Moreover it conserves network resources by avoiding connection to the database server so always less network traffic engagement could be markable .
This also reduces the BI Server Engine processing overhead over queues of user requests .
However all the above things are so nice to comprehend and so difficult to manage as providing the flexibility of faster response would lead to users an inconsistent state of data if not properly managed and planned .
This management and planning have several glitches and lots of dependencies and it is called as Cache Purging as opposed to its counterpart as Cache Seeding .
Cache Management Techniques
Do change Cache configurable parameters first .Note if disk space for Cached file exceed its limit ,entries least recently used(LRU) will be discarded and replace automatically to make room for new entries .Below mentioned techniques could be broadly distinguished as Manual , Automatic and Programmatic way to manage Caching :
Cache Seeding
There are several means to do this business :
1) Set Global Cache parameter on – This will cache query running on any physical tables .By default for all tables in repository is cacheable .
2) Switch on Cacheable property – This will provides table level benefit and extra customisation that which Physical tables should participate in generating query cache . E.g : sometime user would be more interested on giant Fact table caching rather tiny dimension tables .
3) Scheduling iBot – iBot could be properly configured and used for cache seeding purpose .This will silently build the cache without having any manual intervention . Possibly triggered in a time window after daily ETL load finishes or can be further customised and automated based on result retrieved from another iBot in chain request .The second iBot necessary ping the DB to identify whether a database update has been done(after ETL finish) before passing the request to trigger its chained counterpart .This will build data and query cache for a dashboard request and not for entire set of tables .
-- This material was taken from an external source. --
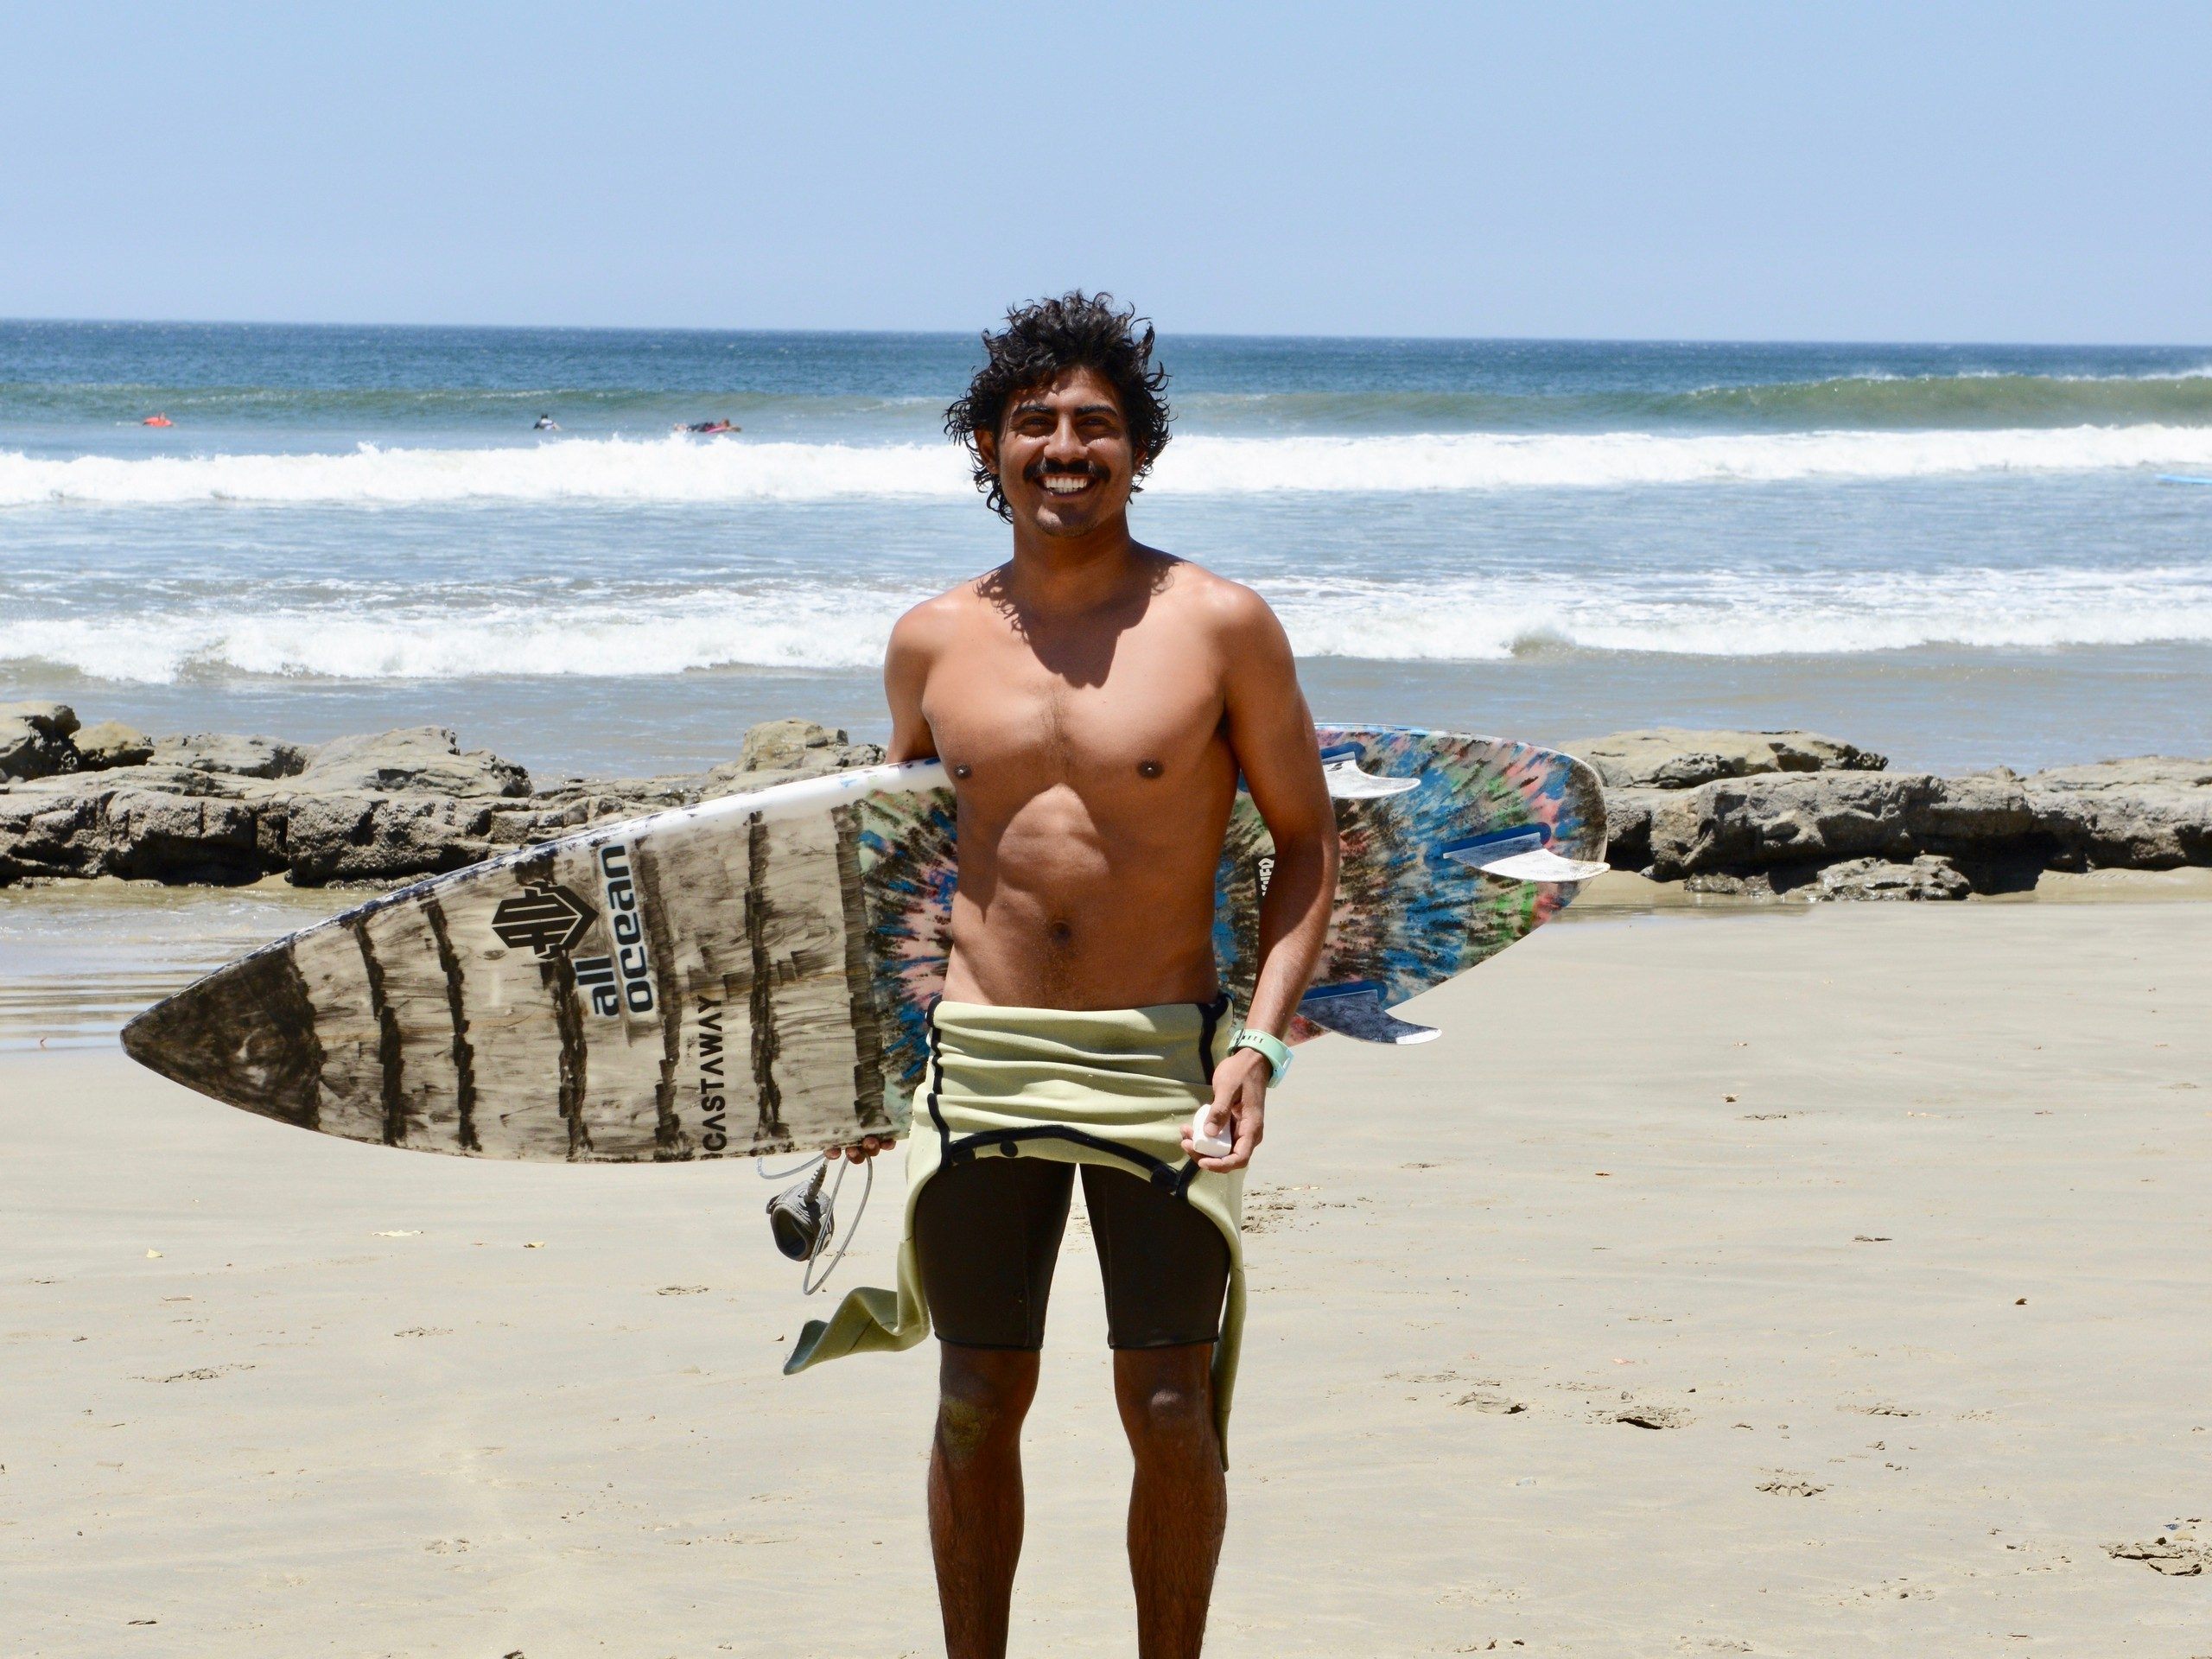 Surfboarder in San Juan del Sur, Nicaragua

4) Running nQCmd utility :
Another fantastic way to handle query caching which doesn’t have any dependency on the ETL load .But overhead to accumulate the superset of the actual physical query needs to be fired against a request /report and put it down in a single file to pass as parameter of nQCmd.exe . This necessarily need to be invoked after ETL run and by the ETL job itself .It could be done using remote login to BI server and trigger nQcmd automatically and thus iBot scheduling time dependency could be avoided .
Cache Purging
A very important and crucial mechanism which should be proven good and perfect to make Caching a success story :
1) Manual purging – Usually a dedicated dumb Administrating job ,kind an overhead for a company .This could be done simply by deleting the existing Cache TBL files or by firing purge from BI Admin Tool .This purging could be done by categories i.e. (Repository , Subject areas , Users or by physical tables) from Admintool in online mode .
2) Calling ODBC Extension – Bundled ODBC extension function like SAPurgeCacheByDatabase() ,SAPurgeCacheByQuery(),SAPurgeCacheByTable(),SAPurgeAllCache() etc . could be called to free the cache table for specific queries, tables,database or all .See Oracle documentation for details .This should be called using nQCMD utility and just after ETL load and before Cache seed to ensure there is no time window related gap and dependency .
3) Event Polling table – A nice and robust concept but not so nice to manage and lead to extra overhead .Really a good technique to make BI server aware of that DB update done and now carry forward to do your business of purging . A Cache Polling frequency is an important step and should be predefined and robust to make it a success .Poll table will be populated by a auto insert DB Trigger each time target DB tables updated .Analytics server polls that table at specific set of intervals and invalidates cache entries corresponding to updated tables.
4) Calling iBots to Purge Cache – It could be done by calling a custom java scripts .This in turn call nQCmd and ODBC extension to free cache .However the catch in this feature is again the iBots need to be scheduled just after ETL run and before Cache seed . So you might not sure about stale data if ETL doesn’t meet the SLA .Again this could be done after setting a chained iBots to trigger the Purging activity in proper time .So ground rule is that never rely on iBot schedule on time.Lets pick the status from DB to trigger it .
Trade-off
Not purging the outdated caches , known as Stale Caches , can potentially return inaccurate results over time .Think of a situation where your Cache didn’t get purged on time after ETL load finishes. In this scenario though database has been updated but the change is not going to be reflected in your cached data as the seeded cache having outdated data at your filesystem and thus results a stale data which would throw inconsistent and wrong result .This potentially will cause huge confusion to the users mind .Thus Cache retention ,refresh time is important.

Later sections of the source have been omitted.